A generic odd number can be written as
![2k+1,\quad k \in \mathbb{Z}](https://tex.z-dn.net/?f=2k%2B1%2C%5Cquad%20k%20%5Cin%20%5Cmathbb%7BZ%7D)
Since there is an odd number every two numbers, three consecutive odd numbers will be
![2k+1,\quad 2k+3,\quad 2k+5](https://tex.z-dn.net/?f=2k%2B1%2C%5Cquad%202k%2B3%2C%5Cquad%202k%2B5)
Now let's make up the equations: the sum of the first two is
![(2k+1)+(2k+3)](https://tex.z-dn.net/?f=%282k%2B1%29%2B%282k%2B3%29)
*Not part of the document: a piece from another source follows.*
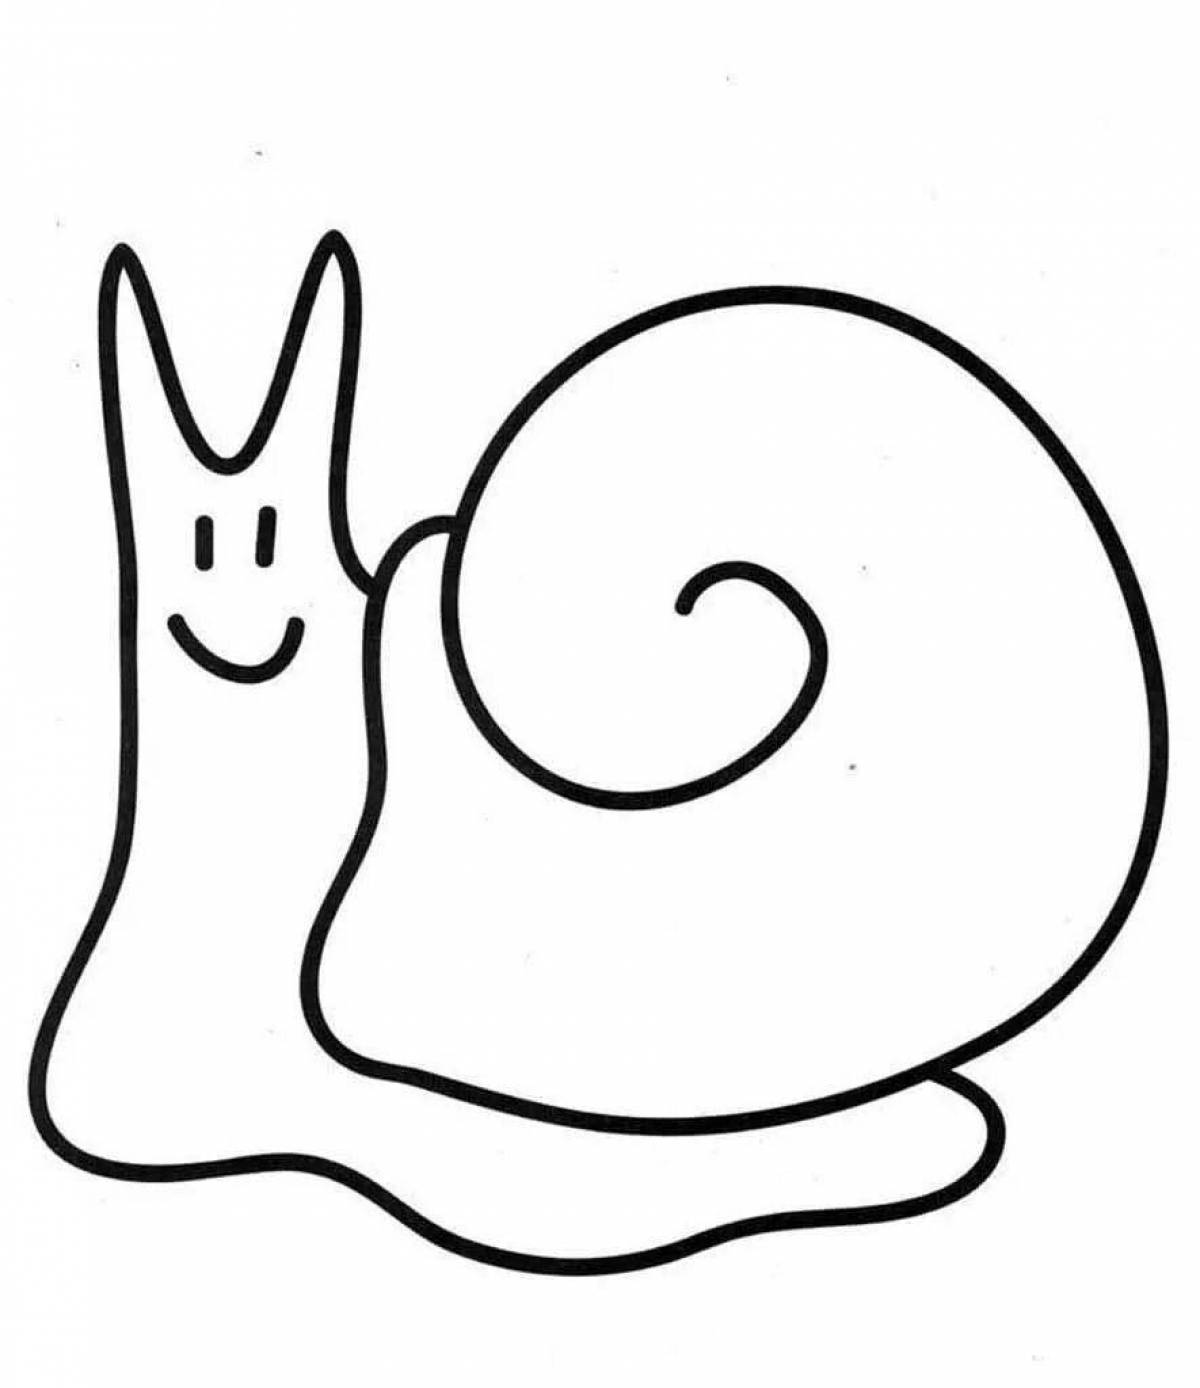 Bright color drawing of a snail for children
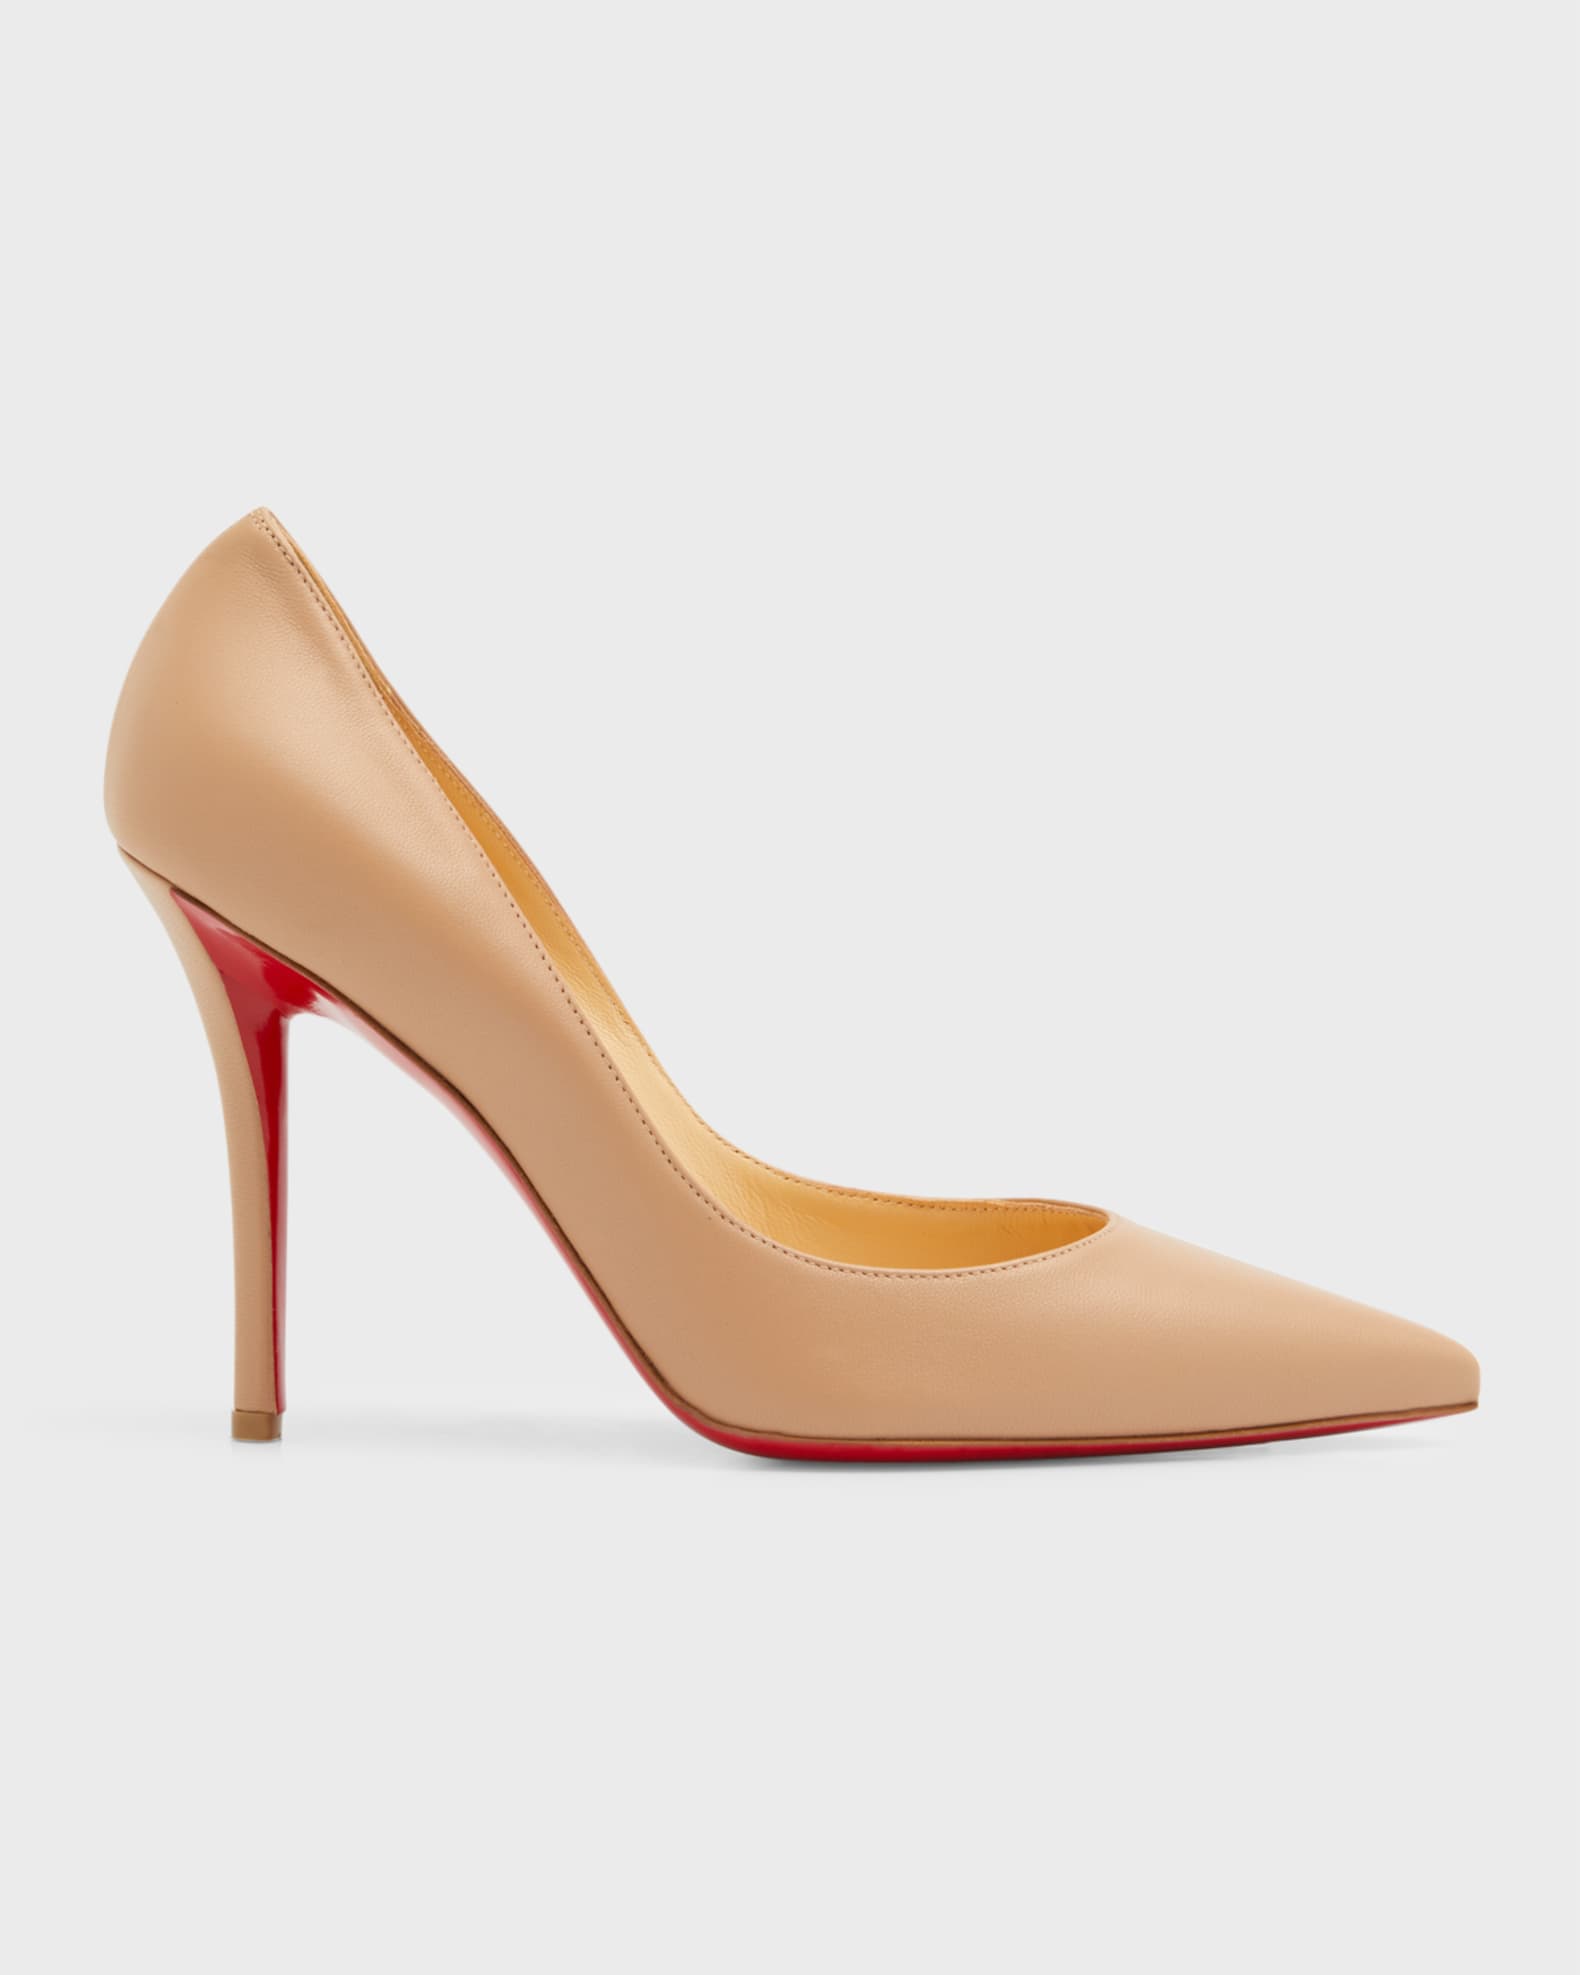 Christian Louboutin Apostrophy Leather Pointed Red Sole Pumps Neiman Marcus

And 27 less than 3 times the largest is
![3(2k+5)-27](https://tex.z-dn.net/?f=3%282k%2B5%29-27)
These two must be the same, so we have
![(2k+1)+(2k+3)=3(2k+5)-27 \iff 4k+4 = 6k+30-27 \iff 4k+4=6k+3](https://tex.z-dn.net/?f=%282k%2B1%29%2B%282k%2B3%29%3D3%282k%2B5%29-27%20%5Ciff%204k%2B4%20%3D%206k%2B30-27%20%5Ciff%204k%2B4%3D6k%2B3)
Subtracting 4k and 3 from both sides gives
![1=2k \iff k=\dfrac{1}{2}](https://tex.z-dn.net/?f=1%3D2k%20%5Ciff%20k%3D%5Cdfrac%7B1%7D%7B2%7D)
Which means that the problem has no solution.
To confirm this hypothesis, we can observe that, on the left hand side, we have the sum of two odd numbers, which is even
On the right hand side, we have an odd number, multiplied by 3 (still odd), take away 27 (still odd).
So, the left hand side is even, and the right hand side is odd. They can't be the same number.